December 17 ------ With his show biz career starting to pick up, Kelvin Miranda feels that now may not be the right time to get into a relationship.

“At this point in my life, I feel like it would be tough to fit that in. I’m OK with dating, talking. But to be in a really committed relationship? I don’t think I can handle that on top of my other obligations and responsibilities,” he said in a virtual conference for “Sumayaw,” his latest single. The past two years saw Kelvin landing lead roles in such television series as “The Lost Recipe,” “Stories from the Heart: Loving Miss Bridgette” and the ongoing afternoon soap “Unica Hija.” He was also part of the sitcom “Tols.”

“I had to wait for a while before I managed to land these kinds of projects. I don’t think that having a love life will automatically derail my progress. But I view a relationship as something that comes with responsibilities that you have to fulfill as a partner and as a couple. It won’t be easy. It’s something that I find daunting,” he related. But should he change his mind, the 23-year-old Kapuso actor said he would prefer to be with someone not from show biz. “It’s because we know how it is here. So if ever I find myself in that situation, I want someone nonshow biz, so the relationship can be more low-key,” he said.

Besides, he pointed out, “love life” need not always be romantic in nature. “Every day we grow and we discover something new. And that’s healthy. When you say love, it shouldn’t necessarily mean having a romantic partner. It can be love for friends or for your family. It can also mean self-love,” he said. Unlike his previous single, “Slow Dance,” which is a waltzy, sentimental tune that evokes prom night memories, “Sumayaw” is a more upbeat offering that compels one to just go with the flow.

“‘Slow Dance’ is quite sad. It’s about yearning, asking for another chance. ‘Sumayaw’ is happy. There are styles that you know you can pull off. But this one is more upbeat than what I’m used to. The song is about not letting anything stop you. Dancing is something I associate with happiness, so let’s jive and let’s dance … let the wind carry you,” he said, adding that it can also be interpreted as giving yourself a breather.

“Sometimes, you have to loosen up. You don’t need to be serious all the time,” he said. This is something Kelvin knows all too well. While he feels grateful for all the blessings and projects he has been getting, both in acting and music, he admitted that the workload can be overwhelming from time to time.

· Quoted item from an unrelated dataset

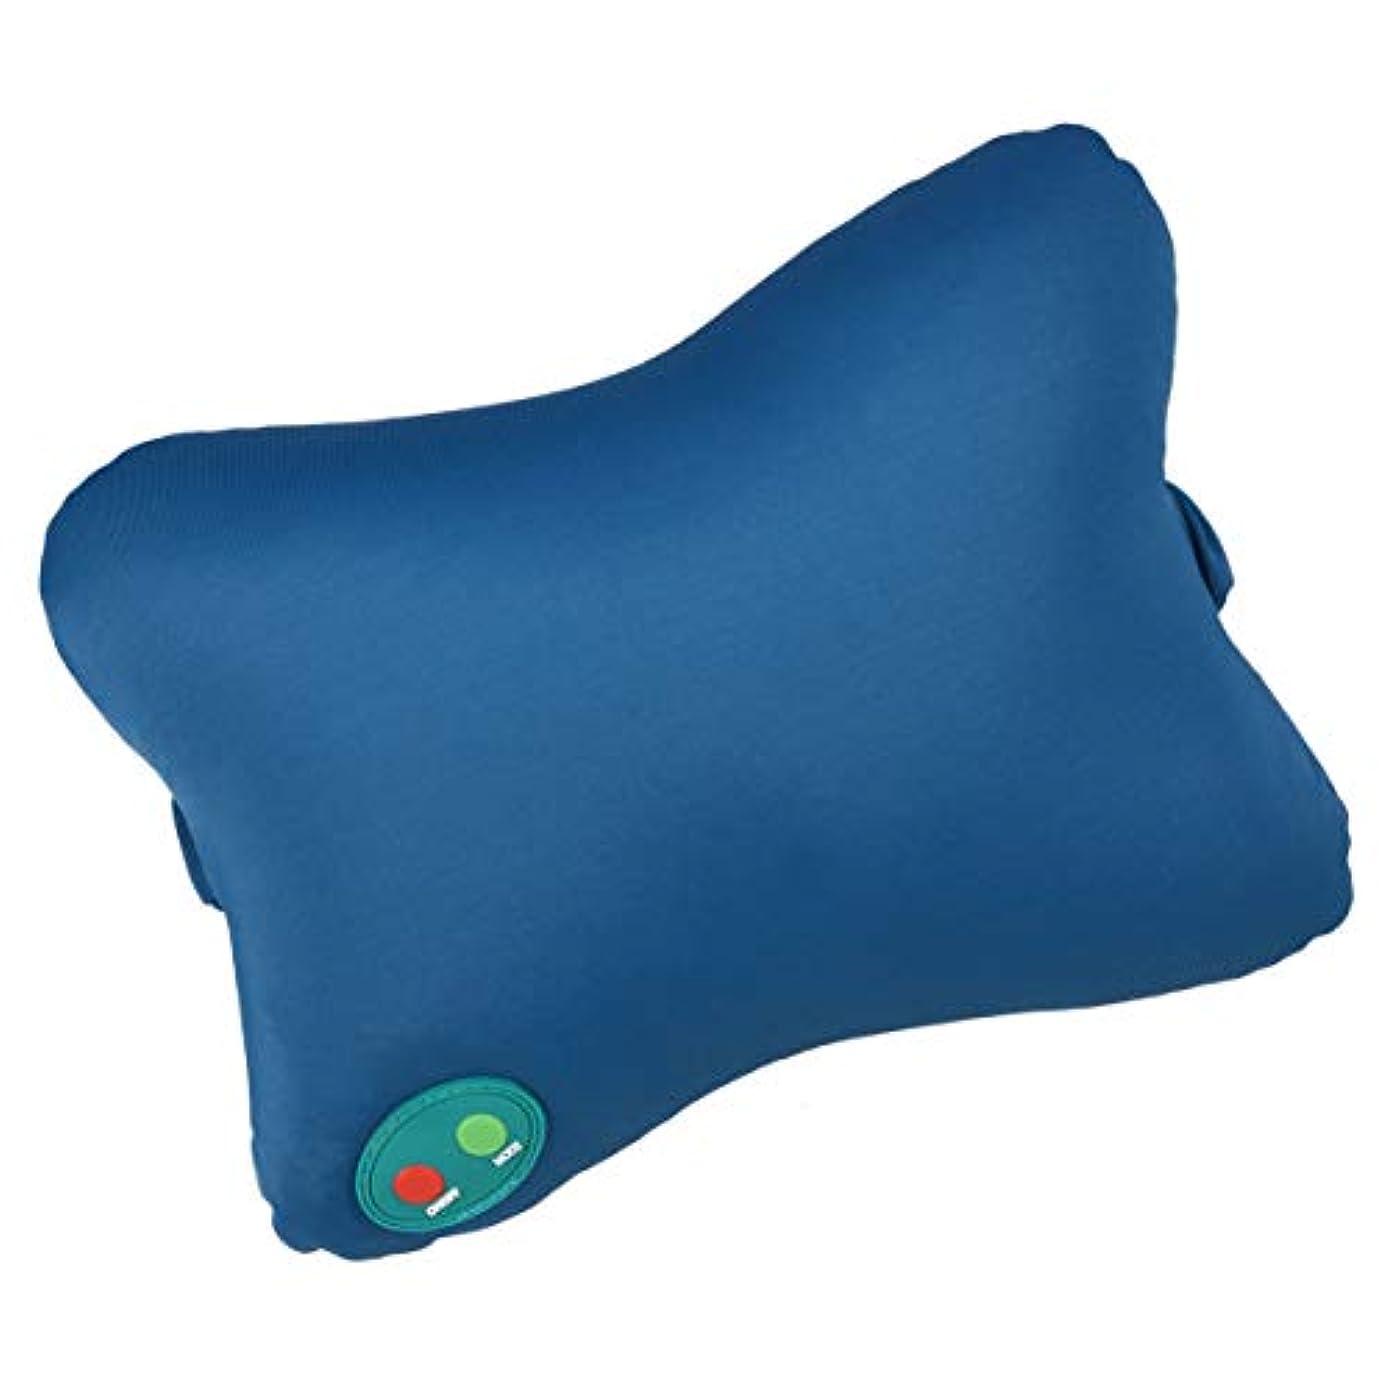 周波数従来の消毒剤SUPVOX マッサージ枕ポータブルマッサージャー首背中肩腕脚軽量ホームオフィスカー
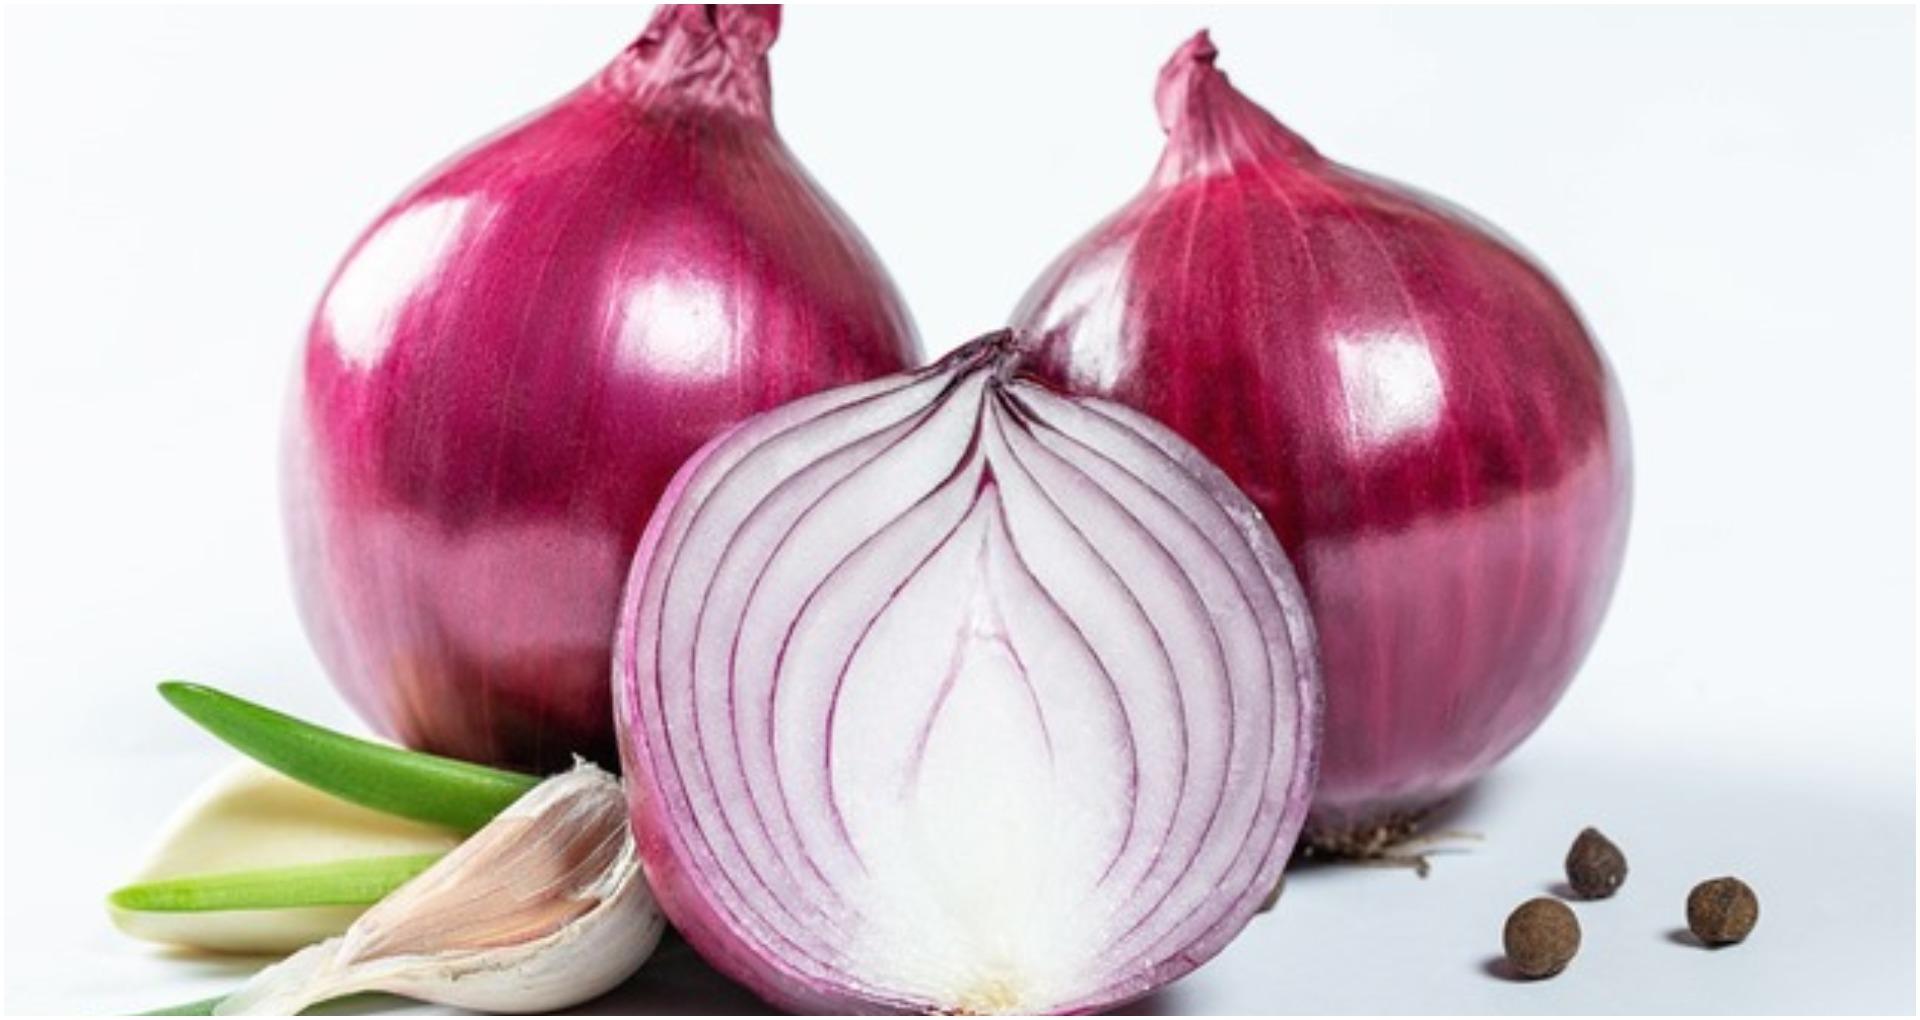 Onion Health Benefits: प्रतिदिन कच्चे प्याज खाने के फायदे को देखकर दंग हो जायेंगे आप, आज से ही खाना शुरू करे

So while he has goals to achieve, he doesn’t obsess over them.

“I try to enjoy the journey. I have to find ways to make sure that I continue to enjoy what I’m doing, so that I don’t grow tired or lose motivation. Because once you find yourself in a slump, it can be tough to get out,” said Kelvin, who finds time for other interests and hobbies. “I do martial arts, I go jogging, I listen to music and watch movies. I hang out with my friends. I play musical instruments even if I’m not that good. Basta enjoy. These things can be therapeutic. Because if you do nothing but work, you will eventually feel burned out,” he said.

“Sumayaw” is written by his composer friend Viktor Sabiniano. While he’s open to recording songs by other artists, Kelvin said he hopes that his next releases will have more of his creative input. “I want to be able to eventually write and produce my own songs. Or at least play instruments on them. It would be nice to put out a song and say that you were involved in the creative process,” he said. “I can draw inspiration from my personal life, as well as stories of the people I meet. I have yet to write a song, but I do write poems. I just have to find my own way of writing.”

Acting will always be Kelvins’ first love, his childhood dream. But the good thing about recording music, he said, is that it also involves acting in a way. “When I sing, I try to feel the lyrics and the message the song wants to convey. I put emotions into it. So it’s like you’re acting, like you’re playing a character to deliver a story,” he said.